Established August 1982 (1982-08)
Area 1,120 hectares (2,800 acres)
Managing authorities Parks Victoria
Website Deep Lead Nature Conservation Reserve
Footnotes IUCN
See also Protected areas of Victoria

Deep Lead Nature Conservation Reserve is a protected area in the Australian state of Victoria located in the state's west on the north side of the town centre in Stawell. The area was formerly used for gold mining but now contains a variety of Eucalyptus which provide habitat for a range of birds and mammals, including some endangered species. Several species of rare ground orchids also grow in the reserve.

The Djab wurrung and Jardwadjali people are the traditional owners of the Deep Lead area. Deep Lead was established as a gold-mining area shortly after the Australasian Mining Company found the "Australasian Lead" in 1867. The first shaft was abandoned after nearly ten years due to flooding and in 1878 a second shaft was sunk nearby to a depth of 80 m (300 ft). On 12 December 1882, workers accidentally broke into the abandoned workings and water began flooding the new shaft. In spite of frantic efforts by boilermen working pumps, only five of the 27 miners were able to escape. Most of the mining equipment has been removed but the depression of the flooded shaft is visible and a cairn and trees mark the site of the tragedy.

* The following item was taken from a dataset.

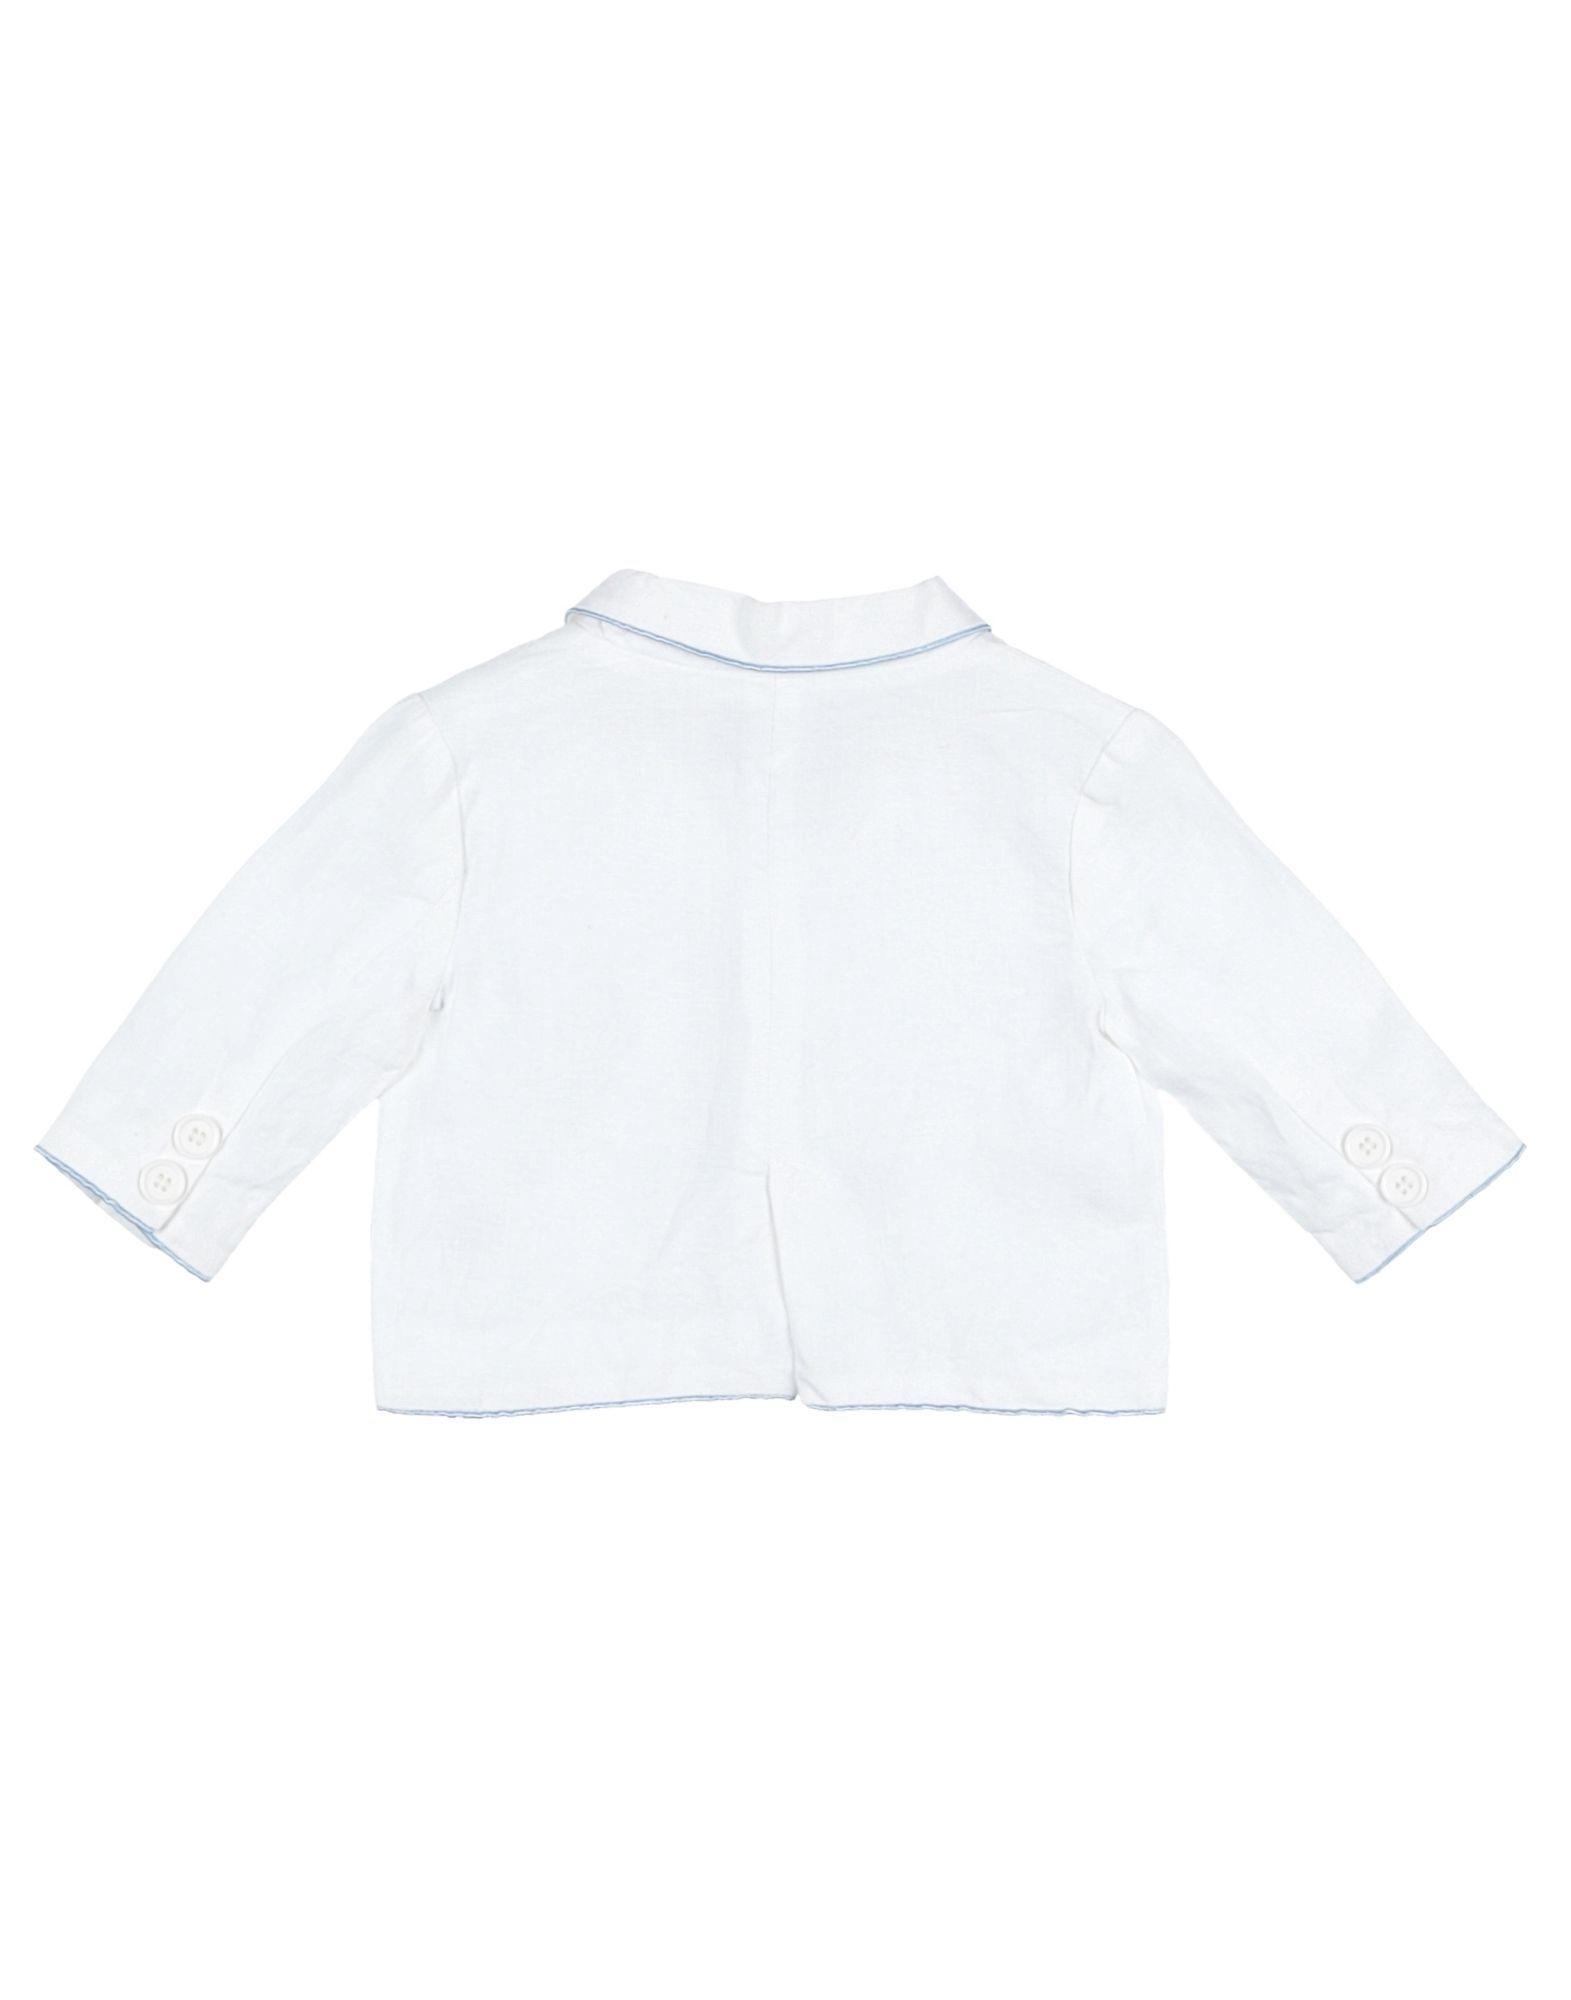 SUITS AND JACKETS Simonetta Tiny White Boy Linen

The Deep Lead Nature Conservation Reserve was first established in 1982 when 1,120 hectares (2,800 acres) were set aside and in 2002 a further 750.6 hectares (1,855 acres) were added. There is an extensive track network throughout the reserve but there are no camping facilities and prospecting and fossicking are not permitted.

About 350 species of native plants occur in the reserve. The eucalypts include red ironbark (Eucalyptus tricarpa), yellow gum (Eucalyptus leucoxylon), yellow box (Eucalyptus melliodora), long-leaf box (Eucalyptus goniocalyx), red stringybark (Eucalyptus obliqua), river red gum (Eucalyptus camaldulensis) and grey box (Eucalyptus microcarpa). Wattles, particularly golden wattle (Acacia pycnantha) are common in the understorey and rare orchids are sometimes seen. Many bird and mammal species are also common here and the endangered swift parrot (Lathamus discolor) is sometimes seen. The endangered squirrel glider (Petaurus norfolcensis) is nocturnal and rarely observed.

As of 2016, the reserve was classified as an IUCN Category IA protected area.